In this practical the polarity, solubility in water, of different biomolecules was tested. A 1% solution of each compound was prepared and their solubility was tested in ; heptane, acetone, and distilled water. Compounds were classified as soluble, insoluble or partially soluble in each of the solvent solutions. The following table of results was obtained;

It can be observed that cholesterol, which is a lipid, is partially soluble in water. By looking at its molecular structure it could be assumed that it is hydrophobic, however is an amphiphilic compound possessing both hydrophilic and lipophilic properties. This explains the way cholesterol is transported in the blood stream within lipoproteins which are molecules with a water soluble outward face and a lipid soluble inward face. Cholesterol resulted to be insoluble in heptane, this is due again to the amphiphilic nature of the cholesterol molecule, heptane is a long chain of hydrocarbons whereas acetone a carbonyl group with a negatively charged oxygen and a short chain of hydrocarbons, this makes it a more suitable substance to act as a dissolvent for an amphiphilic compound. On the other hand it can be seen in the table of results that cholesterol ester is insoluble in water, but still soluble in acetone. However, it could be supposed by looking at its structure that it is partially soluble in water like cholesterol because of the presence of an extra hydroxyl group, and amide group and a sulfonyl group.
Palmitic acid and taurodeoxycholic acid are also amphiphilic both having a long chain of hydrocarbons and a hydrophilic tail.
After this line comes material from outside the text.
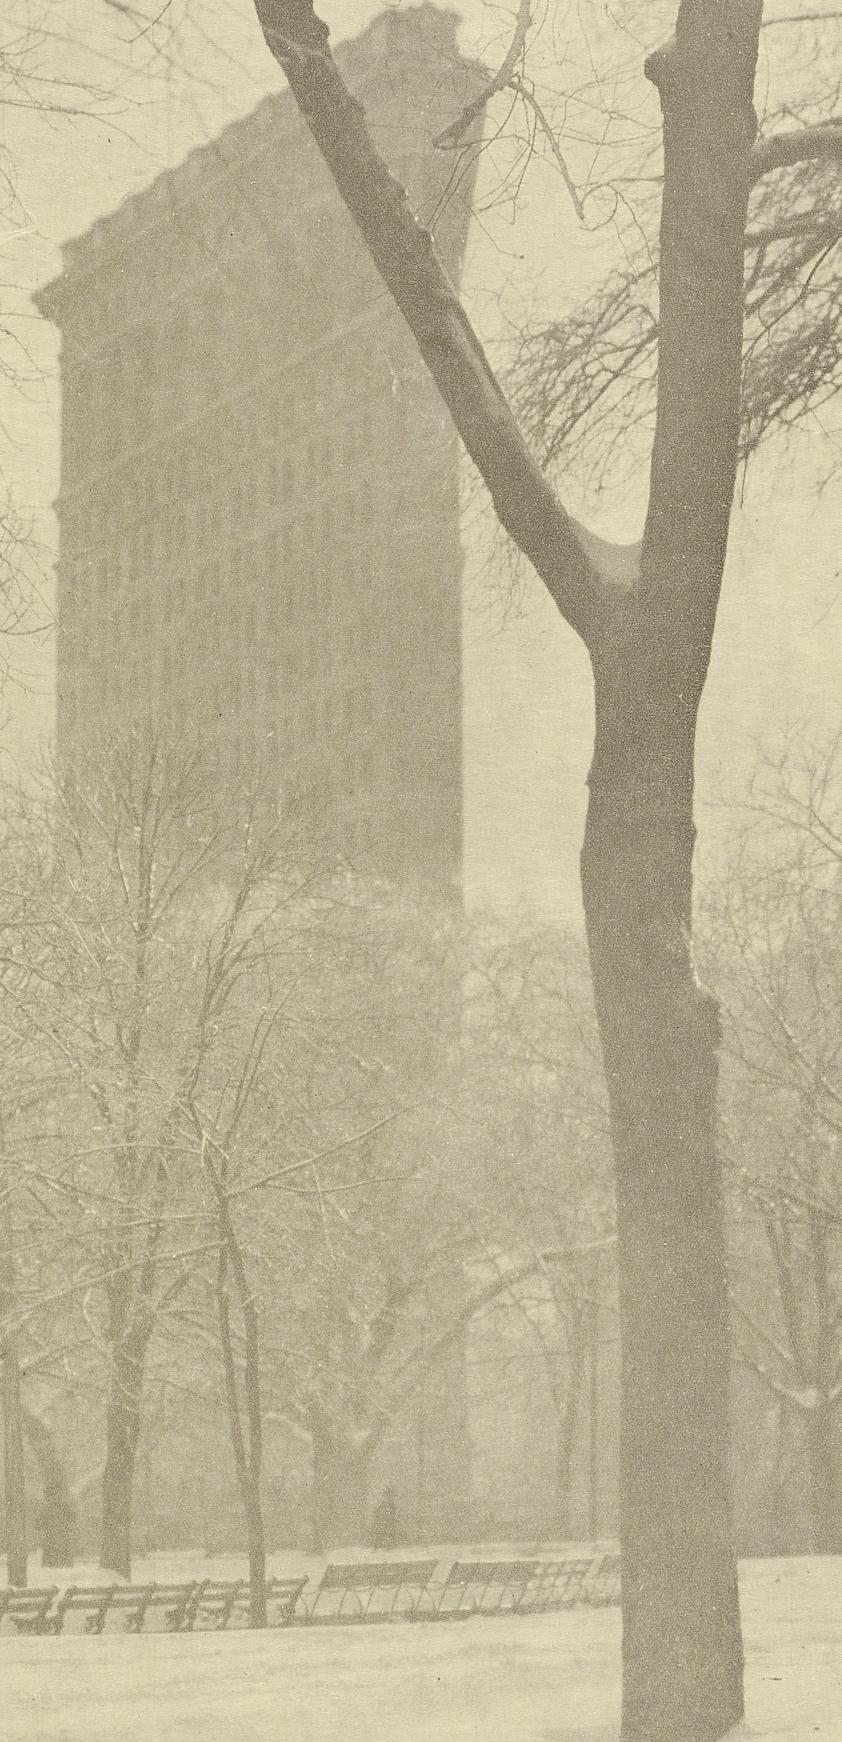 Alfred Stieglitz,  Flatiron Building , 1903

Valproic acid, D+Glucose and caffeine are clearly hydrophilic. Leo-Trp dipeptide is soluble in water because proteins have all their polar groups to the outside being thus able to form hydrogen bonds with water.
Finally, the dye mix is clearly hydrophobic being soluble only in the organic compounds.
Overall the more polar groups a molecule has the more soluble it is, and the more non polar the less soluble it is. It is the overall ratio of polar to unpolar groups which is determinant of solubility.